В его лёгкой болтовне слышалось какое-то новое воодушевление. Портера назначили секретарём к тюремному кастеляну — лучшая должность в кутузке, не считая секретаря начальника. Она давала ему возможность выйти за тюремные стены — кабинет кастеляна находился на противоположной стороне улицы. Одним торцом здание, в котором располагалось новое место службы Портера, упиралось в речной берег.
— Полковник, внимайте и завидуйте! — тихонько засмеялся Билл. — Мой стол стоит у окна — большой стол с выдвижными ящиками… И у меня будет сколько угодно книг — и каких только захочу.
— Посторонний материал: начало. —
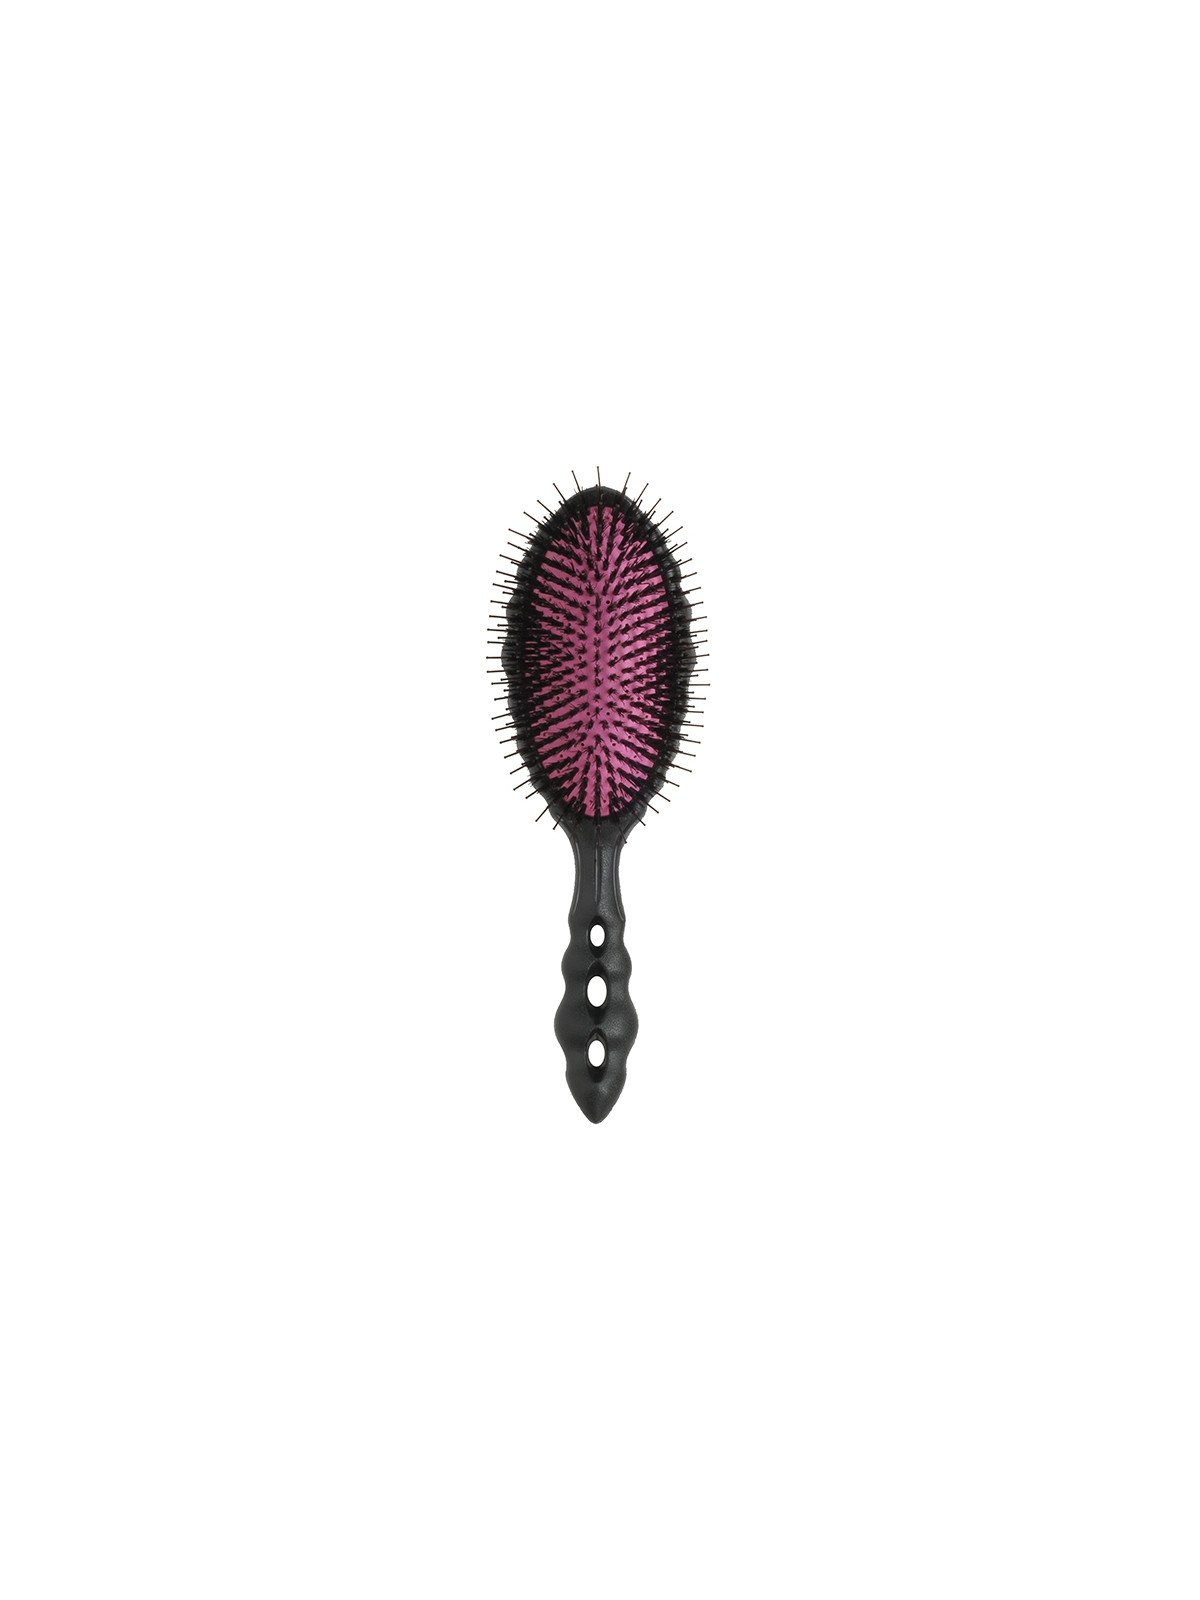 Y.S. Park Beetle Hairbrush Boar/Nylon

Там никто не помешает мне читать и предаваться высоким размышлениям. Вот теперь я примусь за дело по-настоящему!
Портер намекнул на своё стремление стать писателем! Такое случалось очень редко. Мы разослали несколько его рассказов по разным редакциям, но Билл всегда давал нам понять, что писал их лишь для собственного удовольствия. На новой должности он мог развернуть свои таланты по-настоящему. Так оно и случилось: Портер каждую свободную минуту отдавал «упражнениям», как он это называл.
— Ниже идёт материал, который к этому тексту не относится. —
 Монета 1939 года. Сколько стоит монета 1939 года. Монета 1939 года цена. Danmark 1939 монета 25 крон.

Мы теперь частенько разговаривали о литературе, её значении и целях. Я ведь пользовался ещё большей свободой, чем Билл — я работал секретарём у самого начальника Дарби; мне удалось избавиться от тюремной робы, и к тому же я имел возможность общаться со всякими высокопоставленными посетителями.
— Вид у меня не совсем презентабельный, — намекнул я как-то Дарби. — Надо бы мне как-то соответствовать своей должности…
Дарби окинул меня взглядом.
— Точно. Ступайте-ка на вещевой склад и подберите себе самый лучший костюм.
Он имел в виду — самый лучший костюм из тех, что предназначены для заключённых. Я же выбрал отличный шерстяной отрез и заказал себе такой наряд, что и самому губернатору не стыдно было бы в нём показаться на людях. Увидев меня не в арестантских полосках, Дарби ахнул.
— Великолепно, — сказал он, и после этого я больше никогда не носил робы.
Почти каждый вечер Портер пересекал улицу и приходил к нам с Билли в гости. Мы часок болтали, начиняя Билла по самую макушку рассказами из своего бандитского прошлого и просвещая его в области воровского жаргона. Он всегда был восторженным слушателем. Из наших баек он черпал идеи для своих рассказов, но никогда не использовал то, что слышал, не переработав на свой манер.
— Полковник, вы вполне могли бы потрясти мир, — заявил он однажды.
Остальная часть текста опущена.